Using a digital orchestration system to manage COI and COC gives all of the permitted parties within the supply chain access to the information that they need as it is entered. It also notifies when tasks are due or as statuses change, relieving time pressures, simplifying processes and removing the administration associated with collaboration.

Leveraging Data For The Future

Given the rapid changes in the CGT industry, there will doubtless be even more development in the future to support these complex supply chains. The collection, collation, and analysis of the data available can contribute to solving these challenges – for example, helping to facilitate more reactive and flexible scheduling in order to improve resource use and efficiency.

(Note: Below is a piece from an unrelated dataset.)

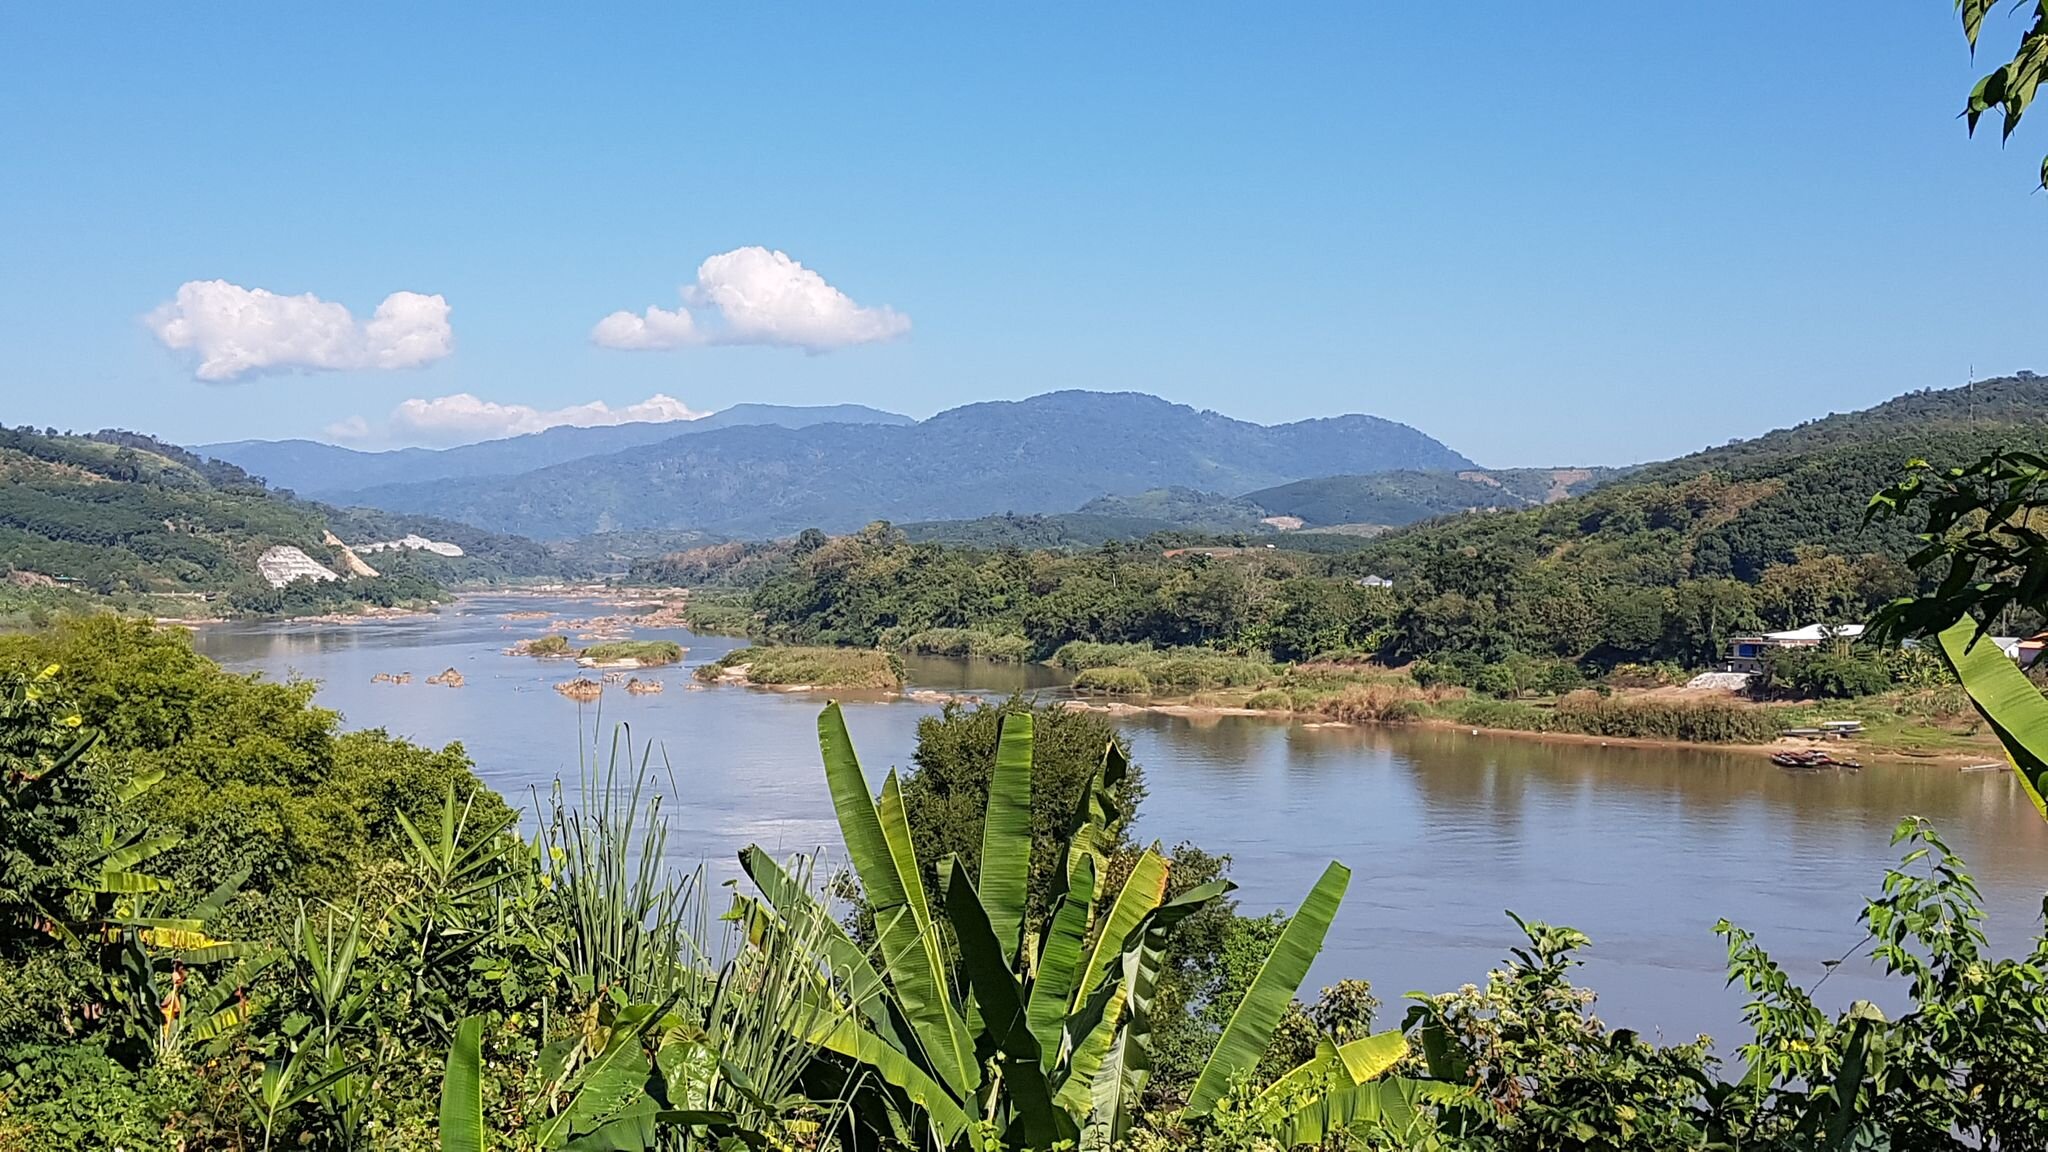   Water Diplomacy in the Mekong Basin

Digital orchestration solutions are already capable of creating detailed and customised reports to support COI and COC. But there are many other insights that can be leveraged from the data they collect, particularly in this space, where they are central to an integrated supply chain eco-system, sending and receiving data from partner systems in real time. Advanced analysis of the data collected within the supply chain has the potential to help inform forecasting and manufacturing management, as well as risk mitigation within the day-to-day processes.